Exercise - Count events using the count function

Completed

You can use a Kusto query to explore datasets and gain insights. Recall that we have a meteorological dataset and want to compare events to gain insights from this data. Here, you'll find out how many of a certain type of event occurred in a particular area.

Use the count function

The sample database we're using has an entry for each storm event in the US in 2007, for a total of about 60 thousand records.

To group these events into chunks of information, you'll use the summarize operator. summarize is used for all functions that aggregate groups of values of multiple rows to form a single summary value. You can summarize the whole table, for example, by counting the number of results using the following query:

Run the query

Screenshot of count operator general query and results.

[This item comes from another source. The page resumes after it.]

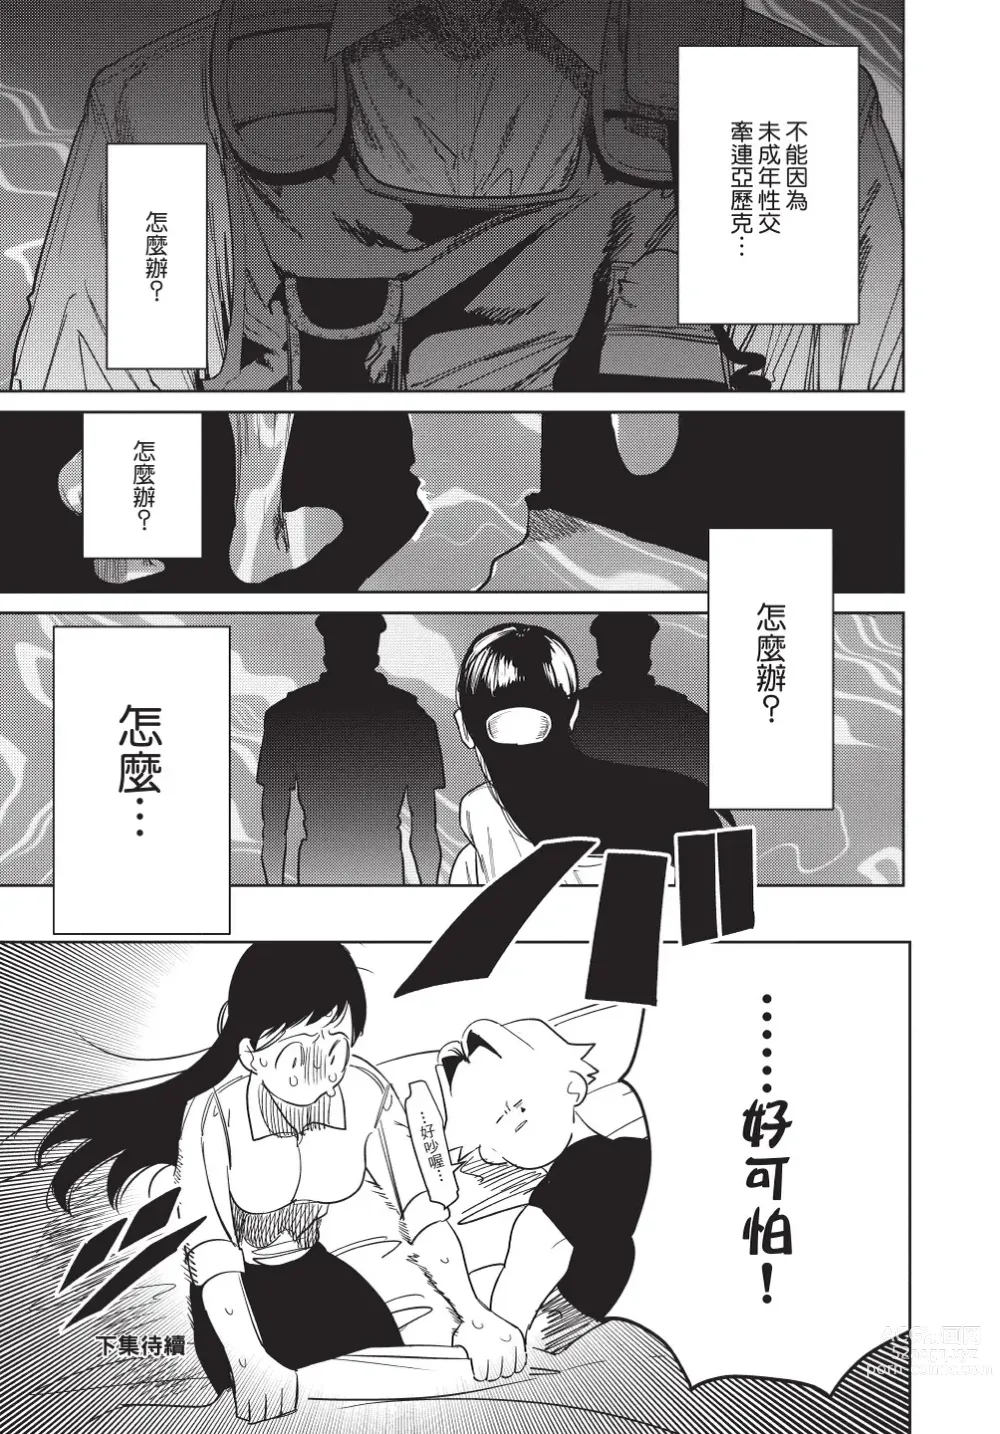 Page 215 of manga 在異世界旅途中拯救我的是一名少年殺手

You can also summarize data into groups of similar types of events by specifying the way you want to group the aggregation. For example, to count events by state, you can write a query to summarize count by state. In fact, the previous sentence is very similar to the actual query. You'll use the aggregation function called count(), which counts the number of rows by group. This function generates a new column that gives the count of events grouped by state, which we've renamed within the query from the default name count_ to EventCount. Renaming new columns is a recommended practice to make queries and their results more readable.

  1. Copy and paste the query into your query editor.

    Run the query

    StormEvents
    | summarize EventCount = count() by State
    | sort by EventCount
    
  2. Run the query by either selecting the Run button above the query window or by pressing Shift+Enter.

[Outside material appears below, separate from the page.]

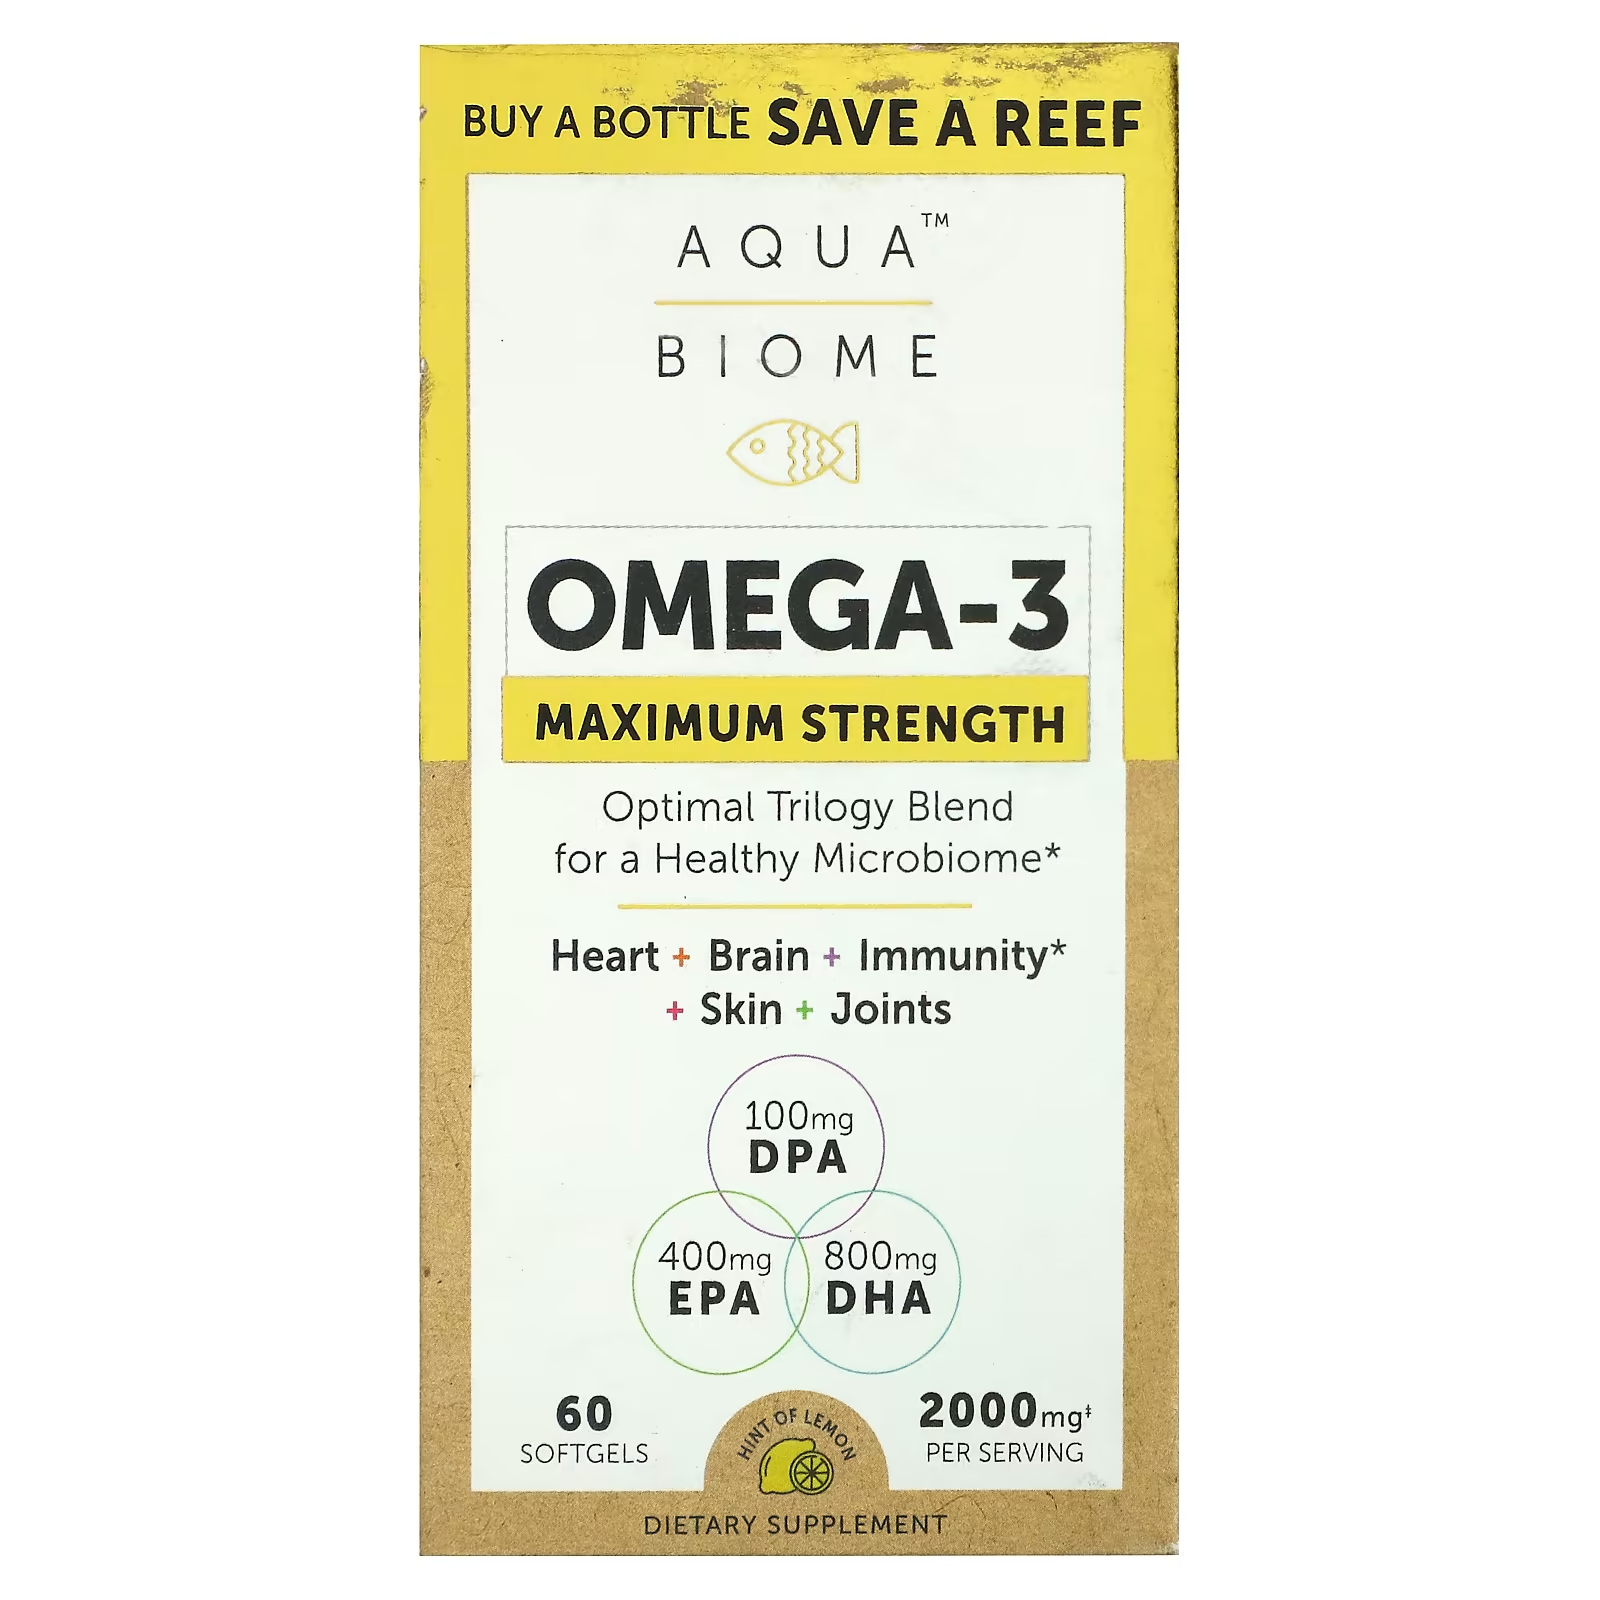 Omega-3 максимальной силы Enzymedica Aqua Biome лимон, 60 мягких таблеток enzymedica aqua biome omega 3 classic strength с лимоном 1200 мг 60 мягких таблеток 600 мг на мягкую таблетку

    You should get results that look like the following image:

    Screenshot of count operator usage and results.

Use the dcount() and countif() functions

The previous query returned the number of events per state. There are, however, more sophisticated ways to count events.

  • For example, you could count only certain types of events. The countif() function counts records for which a predicate is true. The query using countif(DamageCrops > 0) would count the number of records for which the damage to crops was greater than zero.
  • You can also count distinct types of events by using the dcount() function.

We've constructed a query that uses the summarize operator with these count functions to answer the following questions:

  • How many storm events happened in each state?
  • How many events in each state caused damage?
  • How many different type of events happened in each state?

Notice that all elements within the summarize operator are separated by commas and are grouped by the same column, in this case State. Columns not named in the summarize operator are dropped. If you want to include other columns, name them after the column on which data is summarized.

  1. Run the following query:

    Run the query

    StormEvents
    | summarize count(),
        EventsWithDamageToCrops = countif(DamageCrops > 0),
        Count = dcount(EventType) by State
    | sort by Count
    

    You should get results that look like the following image:

    Screenshot of Kusto query that counts events by state.

  2. Notice the column names in the results. Which part of the query corresponds to each column? You can see that the dcount() function created a new column and gave it the name Count. You'll also notice that you used this name as the column for the sort operator in the query. How many different types of storms occurred in Texas?

Use the distinct operator

The previous query returned a distinct count of 27 different types of storms in Texas during the time period covered by this data. It would be interesting to further drill down and see the names of all those types of storms. To see a list of each different type of event in Texas, use the distinct() operator, which lists the distinct values of a particular column.

  1. Run the following query:

    Run the query

    StormEvents
    | where State == "TEXAS"
    | distinct EventType
    | sort by EventType asc
    

    You should get results that look like the following image:

    Screenshot of Kusto query using the distinct operator.

  2. Take a look at the resulting list. Did any of the storm types surprise you?